### Required work
Your copy should hold only the lines from the one holding "The frame is" through the last line of the records below, both included, each exact and with no pictures.

### Provided records
....

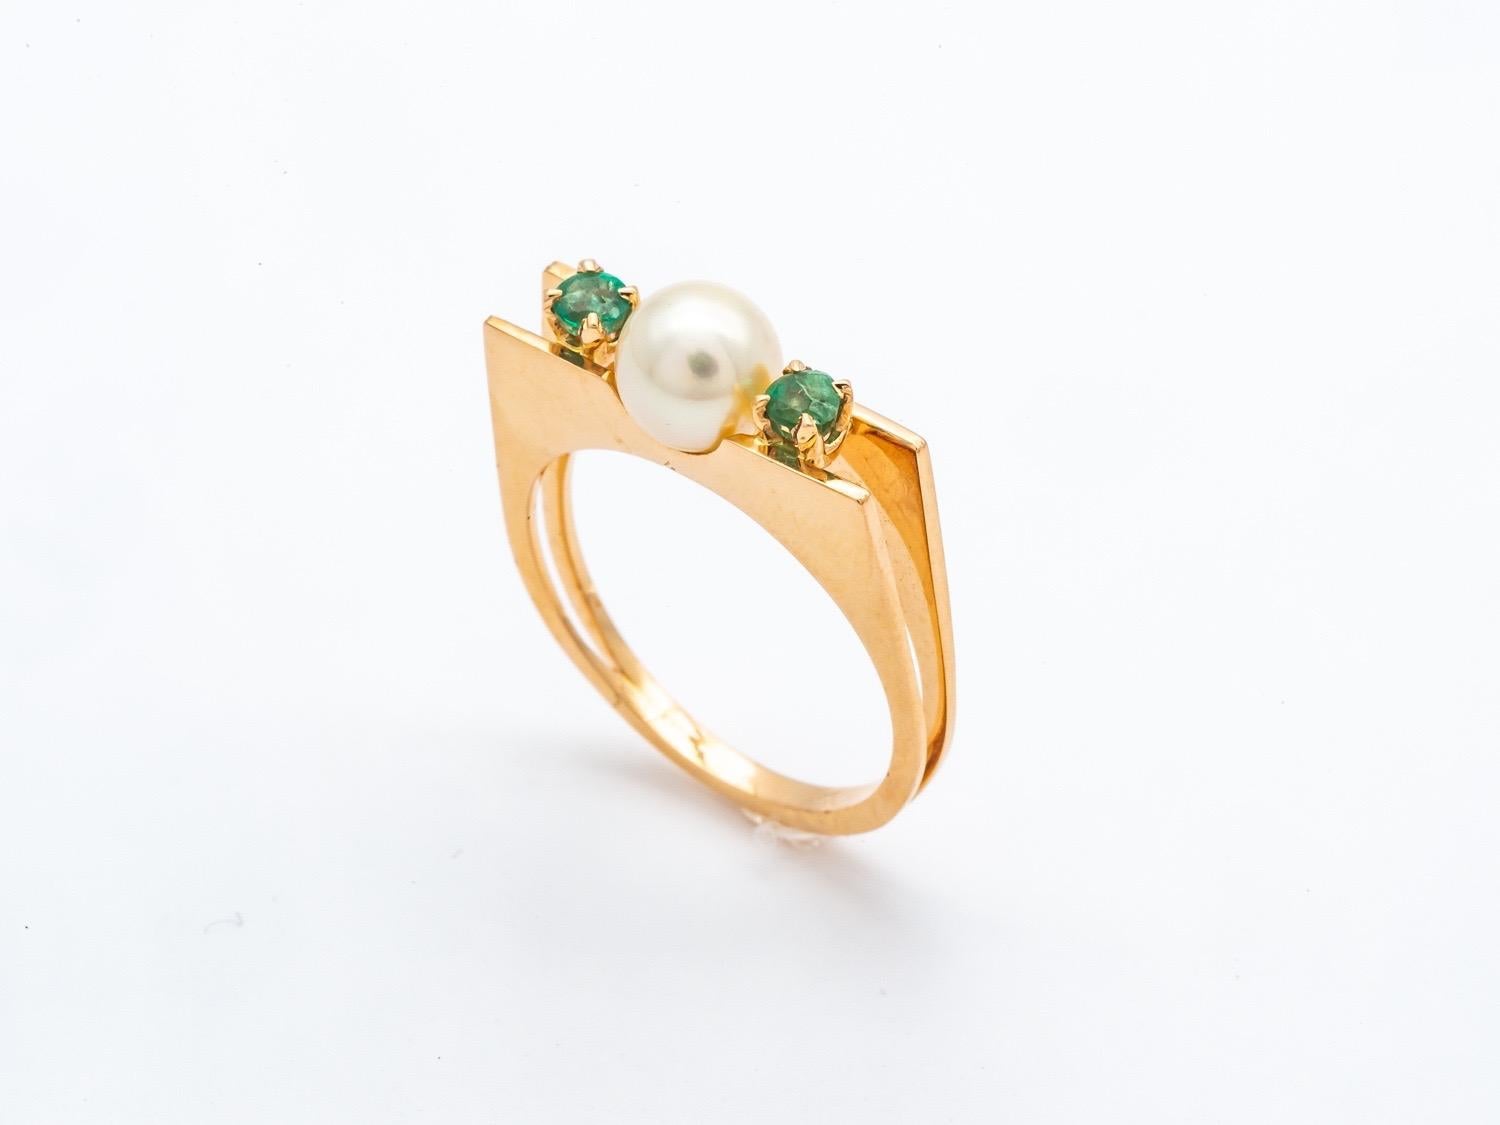 18K Yellow Gold Emeralds and Pearl , emeralds for 0.16 Carats per Akoya pearl 6.2 Millimeter or 0.244 Inch.
The frame is in 18K yellow gold is an original frame of modern manufacture
french size 51
US Size 5.75
british K 3/4
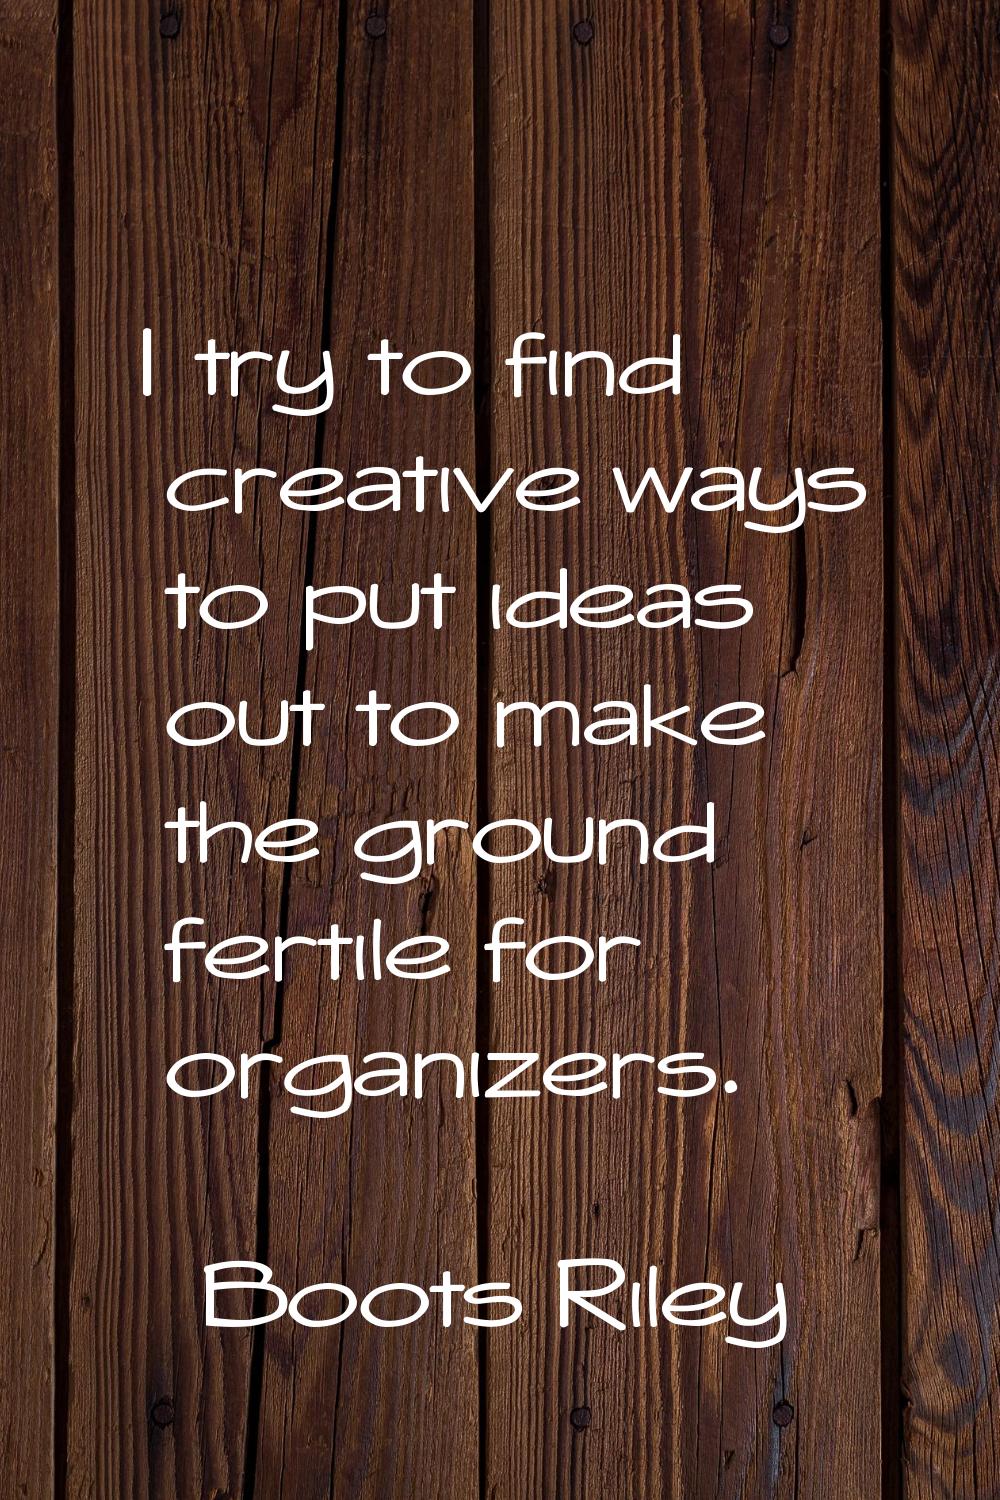 I try to find creative ways to put ideas out to make the ground fertile for organizers.

....

### Output of the exercise
The frame is in 18K yellow gold is an original frame of modern manufacture
french size 51
US Size 5.75
british K 3/4
 I try to find creative ways to put ideas out to make the ground fertile for organizers.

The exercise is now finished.